Step II: Loading the data from Blob storage to the SQL Database
The process in this stage is almost the same as previous step. We will use the same blob dataset we created earlier as the source to read the data from. However, we will need to set a new dataset and choose the SQL Server parameters. Prior to being able to successfully create such dataset, we need to create a table in our SQL database, enabling us to select the destination table to load the data into. So go to the SQL Database in Azure portal and open the query editor. I use the similar aliases as the source dataset for convenience in data mapping:
CREATE TABLE TorontoCovid19 (
id int,
Assigned_ID int,
OutbreakAssociated varchar(255),
AgeGroup varchar(255),
NeighbourhoodName varchar(255),
FSA varchar(12),
SourceOfInfection varchar(255),
Classification varchar(255),
EpisodeDate date,
ReportedDate date,
ClientGender varchar(255),
Outcome varchar(255),
CurrentlyHospitalized varchar(12),
CurrentlyinICU varchar(12),
CurrentlyIntubated varchar(12),
EverHospitalized varchar(12),
EverinICU varchar(12),
EverIntubated varchar(12)
)
After running the query a new table titled “TorontoCovid19” will be created.
Now go back to the Data Factory, click on new dataset and look for Azure SQL Database.
After creating the linked service, you will need to select the table you already created and then press OK.
Important: In order for the Azure resources to be able to communicate with this SQL Database, you should have already went to Firewall setting in the SQL Database setting in Azure portal and enable the option “Allow Azure services and resources to access this server”.
Having everything ready so far, it is now time to create a new activity in the pipeline to copy the data from Blob storage to SQL Database.
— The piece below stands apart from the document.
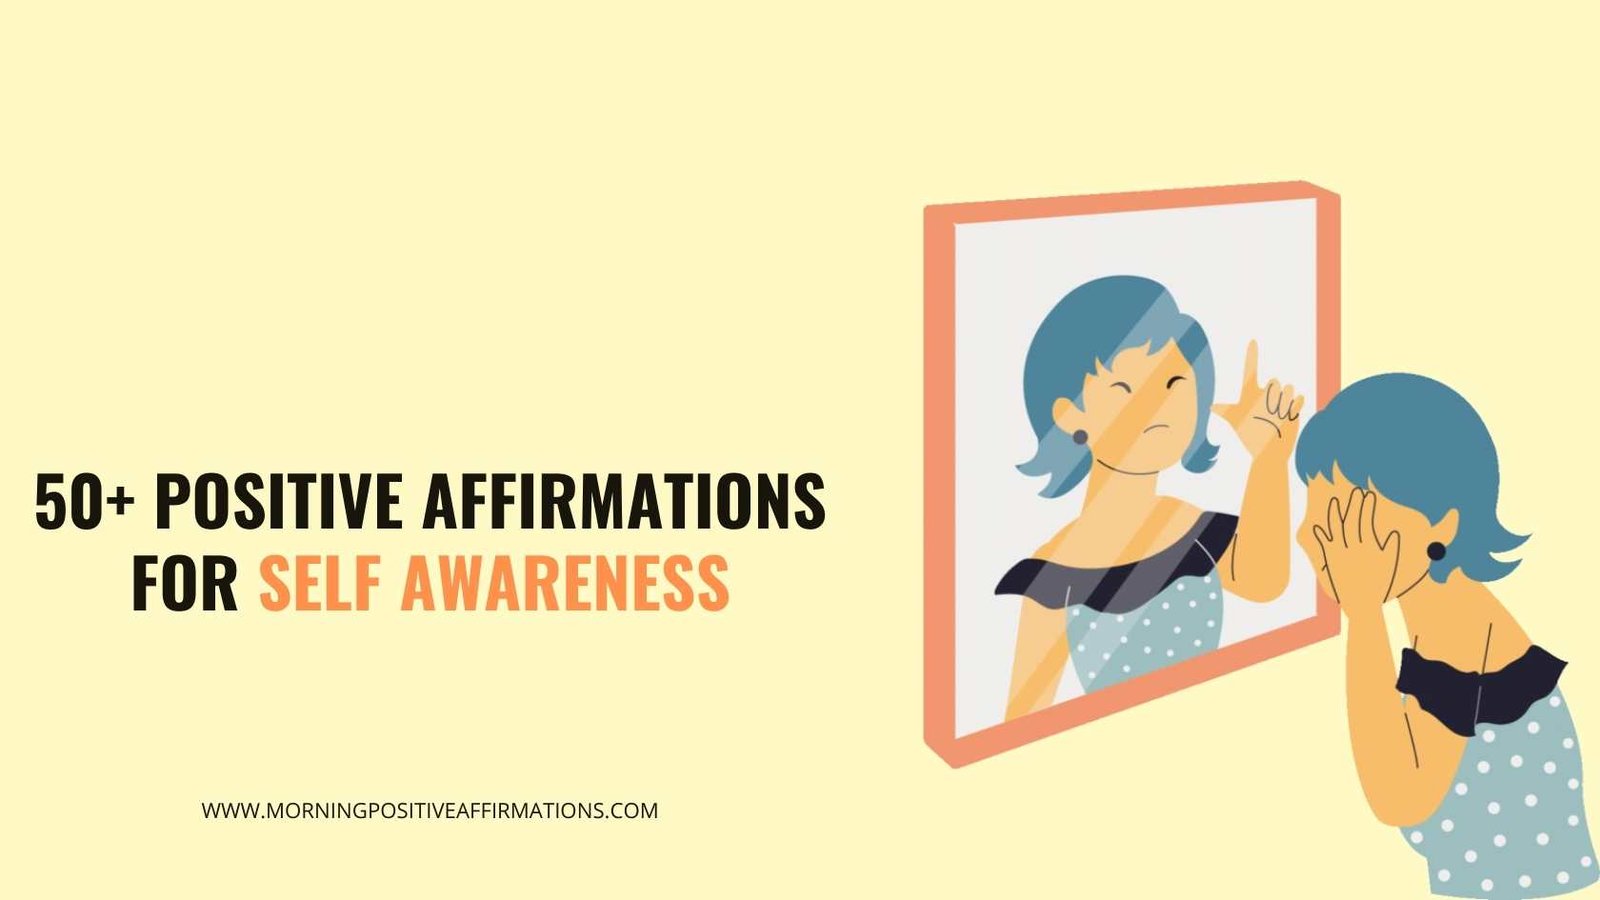 Positive Affirmations For Self Awareness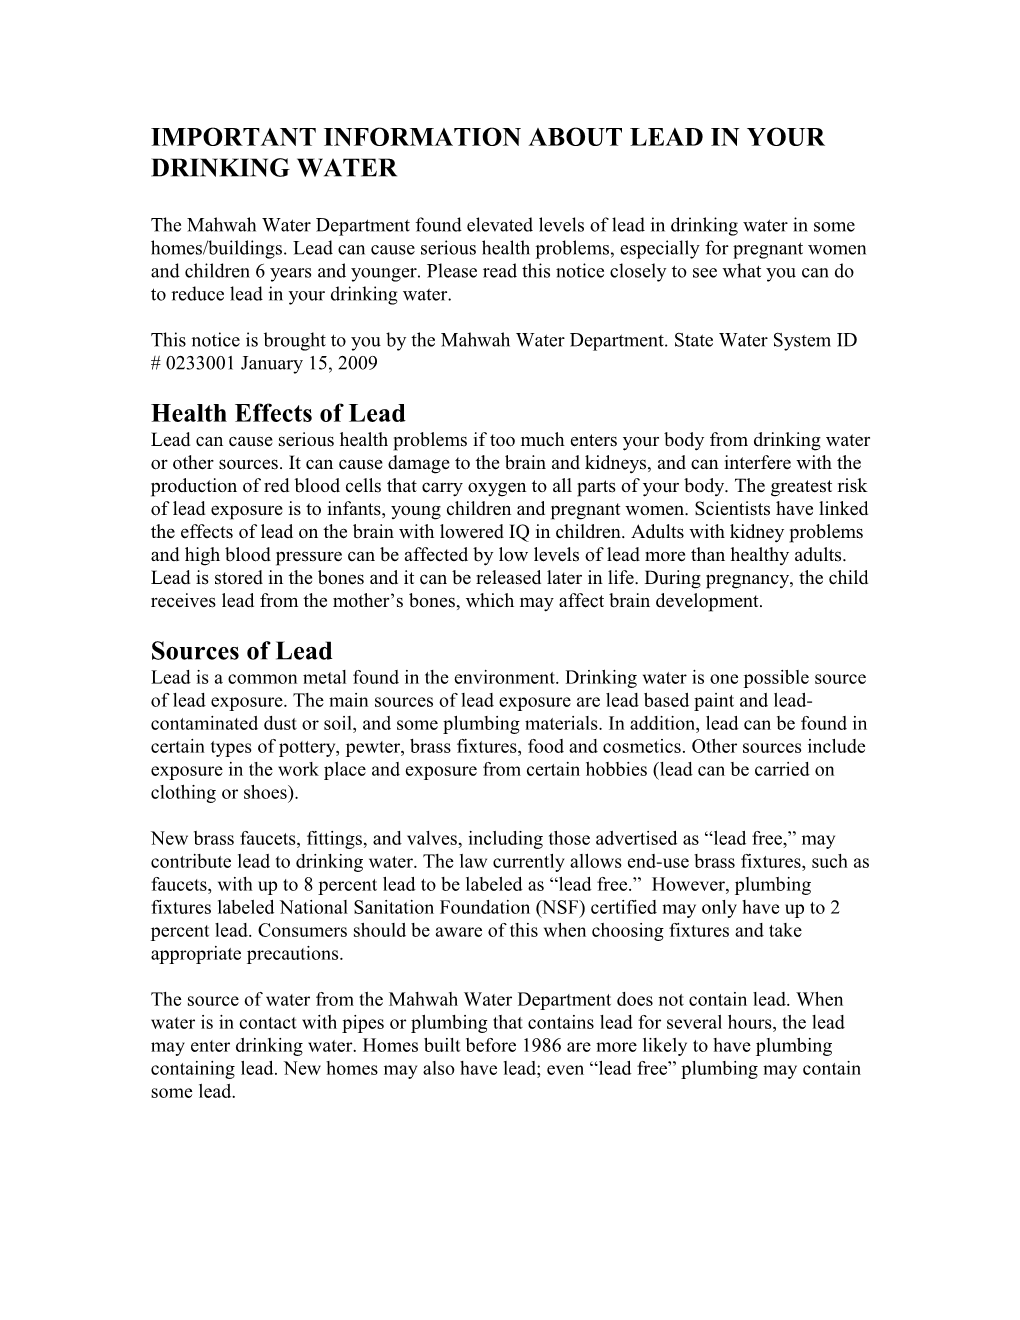 Important Information About Lead in Your Drinking Water

Simply drag and drop the “Copy data” again from “Move & transform” under Activities menu. I name this activity “BlobToSQL” for easier recognition and better organizing the project. Select the Blob dataset we created already as the source this time, and the SQL dataset as the Sink.
Please note that at this point we should map the source and sink data, so each column in the source data to be copied into the corresponding destination column. For this, just go to Mapping tab and click on Import Schemas. Now you will need to map the Source and Destination for each data column:
Do not forget to connect the activities in the appropriate order so the pipeline works as it should:
Click on validate and if there was no errors, then click on debug to perform a test run. Once the test run was successful, you should now click on “Publish all” to save and publish the pipeline. In order for the pipeline to be deployed on a scheduled basis, you can create a trigger and make a plan for the pipeline’s deployment based on your requirements:
Important: You should note that Azure, as well as other popular cloud services, are paid services and if you are not careful with the pricing structures, you might incur unexpected charges to your Azure account. The pricing formula is said to be complex and depends on several parameters. Therefore it is highly recommended that you perform enough research on the expected costs. You can also use Azure cost calculator to get a sense about pricing details.
How you setup your pipelines, activities, triggers, and size of the data could affect the use of DIU/hour (Data Integration Unit: a combination of CPU, memory, and network resource allocation) which could charge your account. I found this article which simply explains the costs associated with the Data Factory service. However, it is highly recommended that you follow Microsoft Azure’s official resources in case not to miss any possible updates or changes in the pricing schemes.